We ought to know the answer already. The first thing that most grain and rice exporting countries did this year was to stop selling. They slapped on export restrictions to keep their food for themselves. And you can’t buy what’s not for sale.

Supermarkets call the system by which they keep their shelves full Just In Time. A new consignment of, for example, kumquats arrives just as the last kumquat of the old batch is being sold. This obviates the need for stock to be kept on the premises. Suppliers deliver to the distribution centres on the same principle. It is highly efficient.

But JIT has got the jitters. An absence of kumquats might not be a disaster, but one wouldn’t say the same about bread. Food security, laughed to scorn by farmer-hating Labour politicians only a few years ago, is now back on the agenda. The public will have to learn to love farmers.

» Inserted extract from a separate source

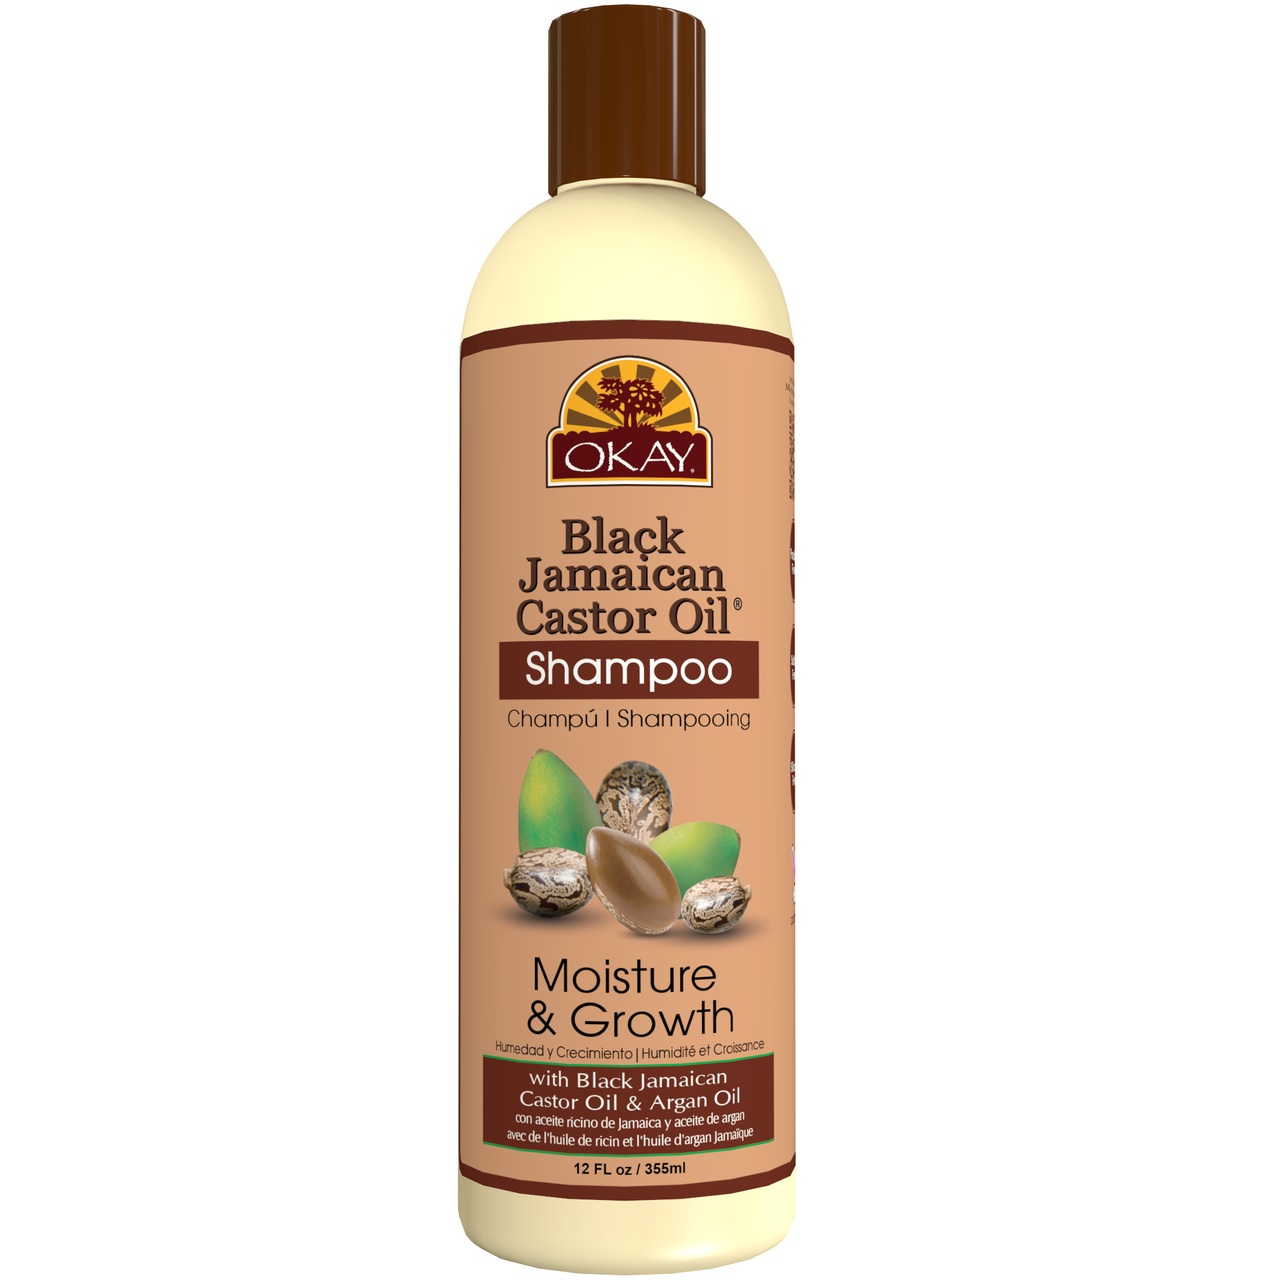 Okay Black Jamaican Castor Oil Moisture Growth Shampoo Helps Moisturize Regrow Strong Healthy Hair

That will be a turn up for the books.

The other day I met a former investment banker who had made such a bundle of money that he could leave Canary Wharf and set up as a full-time farmer himself. He foresaw what he described as re-ruralisation: people will want to live in the country because that is where food comes from.

Those who can’t do that will study the way local food is grown in Havana. When the Iron Curtain fell and Moscow’s subsidies dried up, Castro ordered a kind of Dig for Victory which saw every public and private space in Havana planted with vegetables. The result may not have been very victorious: the buyers at Sainsbury’s would be appalled by the limited choice. But the model is being taken seriously by some surprisingly eminent politicians, planners and food gurus who think that we must find other ways of feeding ourselves. Food lessons from Cuba? It’s a funny old world.